TEAM_PD_global_species_pool.csv for the site-level mean values of standardized phylogenetic community structures (i.e., SES.MPD and SES.MNPD) relative to the global mammal species pool across 10 sampled trees.
A. Site_code – abbreviation of study site.
B. mpd.obs.z.global – mean standard effect size of phylogenetic community structure among all the species pairs in each study site by shuffling 10,00 times over 10 sampled complete trees.
C. mntd.obs.z.global – mean standard effect size of phylogenetic community structure among all the nearest species pairs in each study site by shuffling 10,00 times over 10 sampled complete trees.
Sharing/Access information
The original data of species-level phylogeny and ecological traits of mammals and birds used in this paper can be accessed via the following sources.
- The species-level phylogeny of mammals and birds is obtained from VertLife.
- The functional trait data are obtained from the published datasets of mammals from Soria et al. 2021 and birds from Wilman et al. 2014.
Code/Software
This repository includes four R scripts to quantify the phylogenetic and functional community structure and phylogenetic signal in ecological strategies, and one R script to conduct the statistical analyses in the study.
- 1_TEAM_SpList_PD_FD.R for standardized phylogenetic and functional community structure, with R packages of phytools v1.9-16, ape v5.7-1, picante v1.8.2, and mFD v1.0.6. R function tipRateFunctions.R published by Title and Rabosky (2019) was used to measure the DR metric values.

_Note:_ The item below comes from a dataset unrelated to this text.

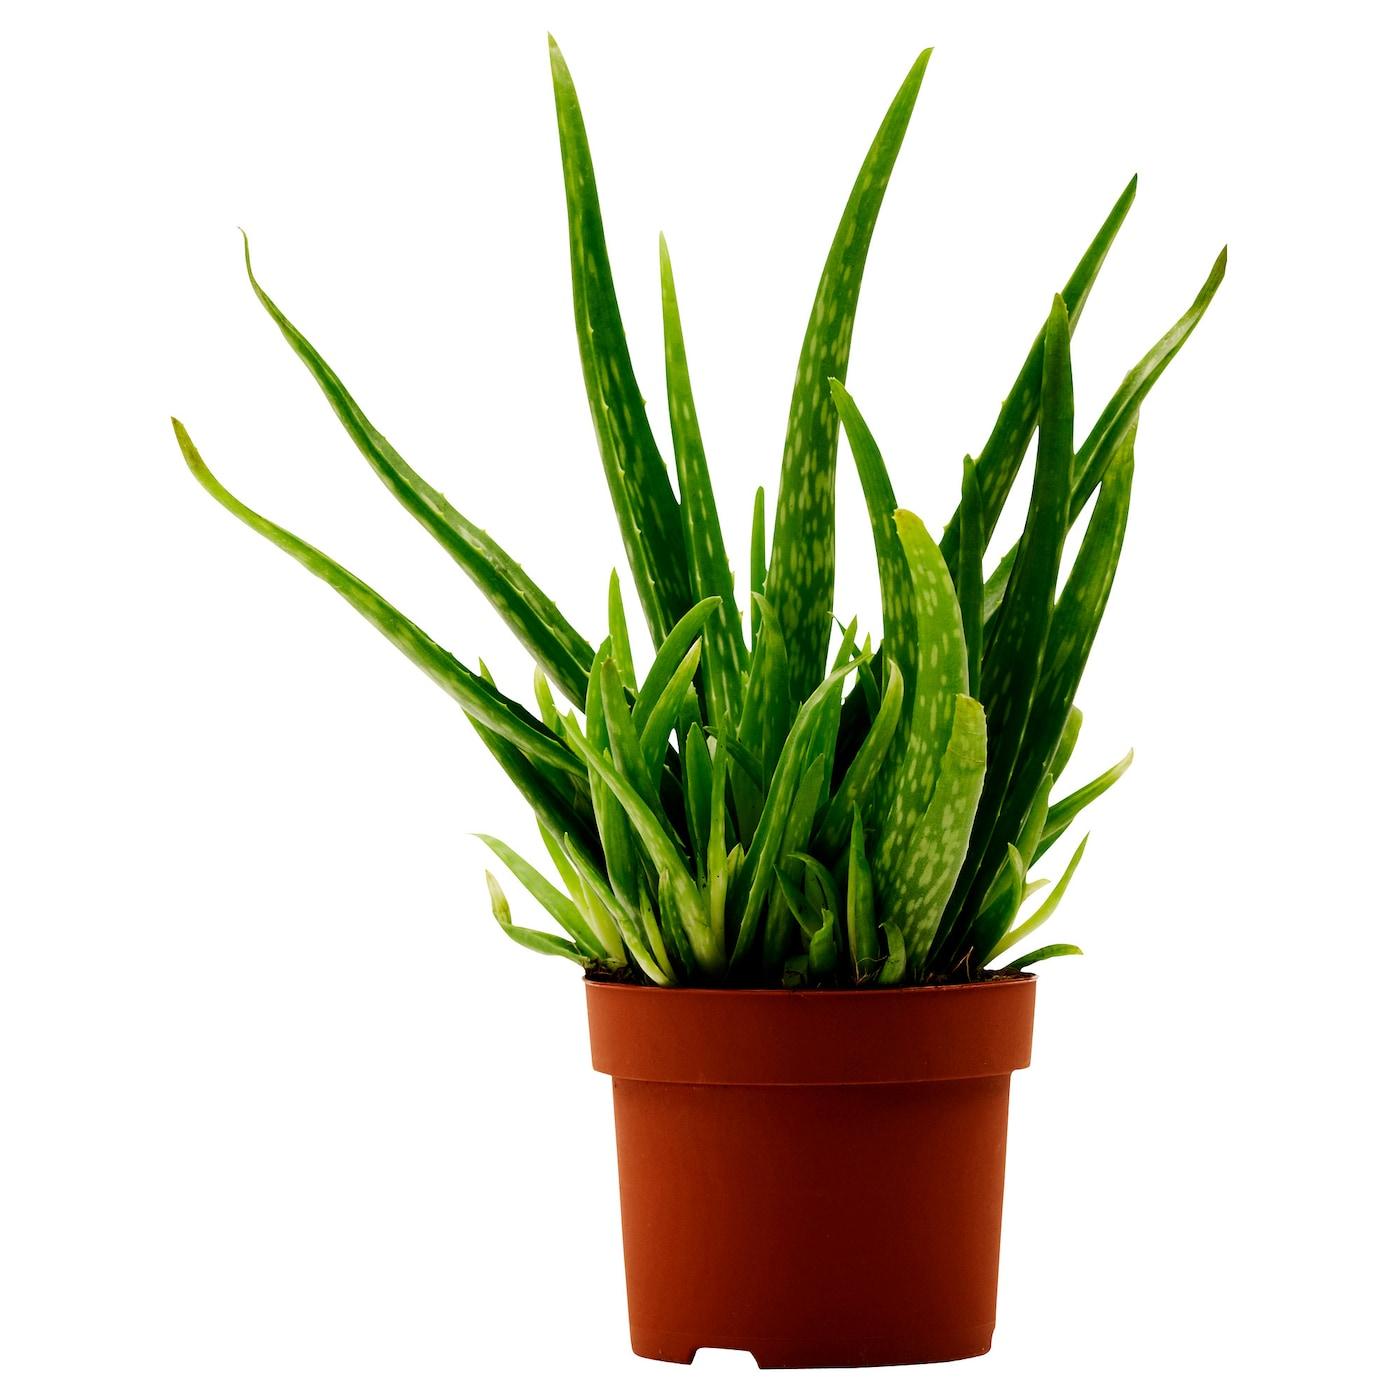 ikea aloe vera potted plant

- 2_Niche_phylogenetic_signal.R for measuring phylogenetic statistics of ecological strategies, with R package adiv v2.2 and R script of self-defined functions to order nodes of phylogeny for phylogenetic statistics in PhylogenyFunctions.R
- 3_Statistics_Visualization.R for all statistical analyses on phylogenetic and functional community structure and phylogenetic statistics of ecological strategies in the study, with R package MuMIn v1.47.5
- 4_Compare_tree_effect.R for comparing the effects of defining regional species pools and the global species pool, which include species evolved from multiple biogeographic regions, on phylogenetic statistics and community phylogenetic structures. This script provides the same processes in 2_Niche_phylogenetic_signal.R and 3_Statistics_Visualization.R to measure the phylogenetic statistics and phylogenetic structure relative to the global mammal species pool.
- PhylogenyFunctions.R for self-defined functions to order node weights and quantify the phylogenetic statistic value in 2_Niche_phylogenetic_signal.R and 4_Compare_tree_effect.R.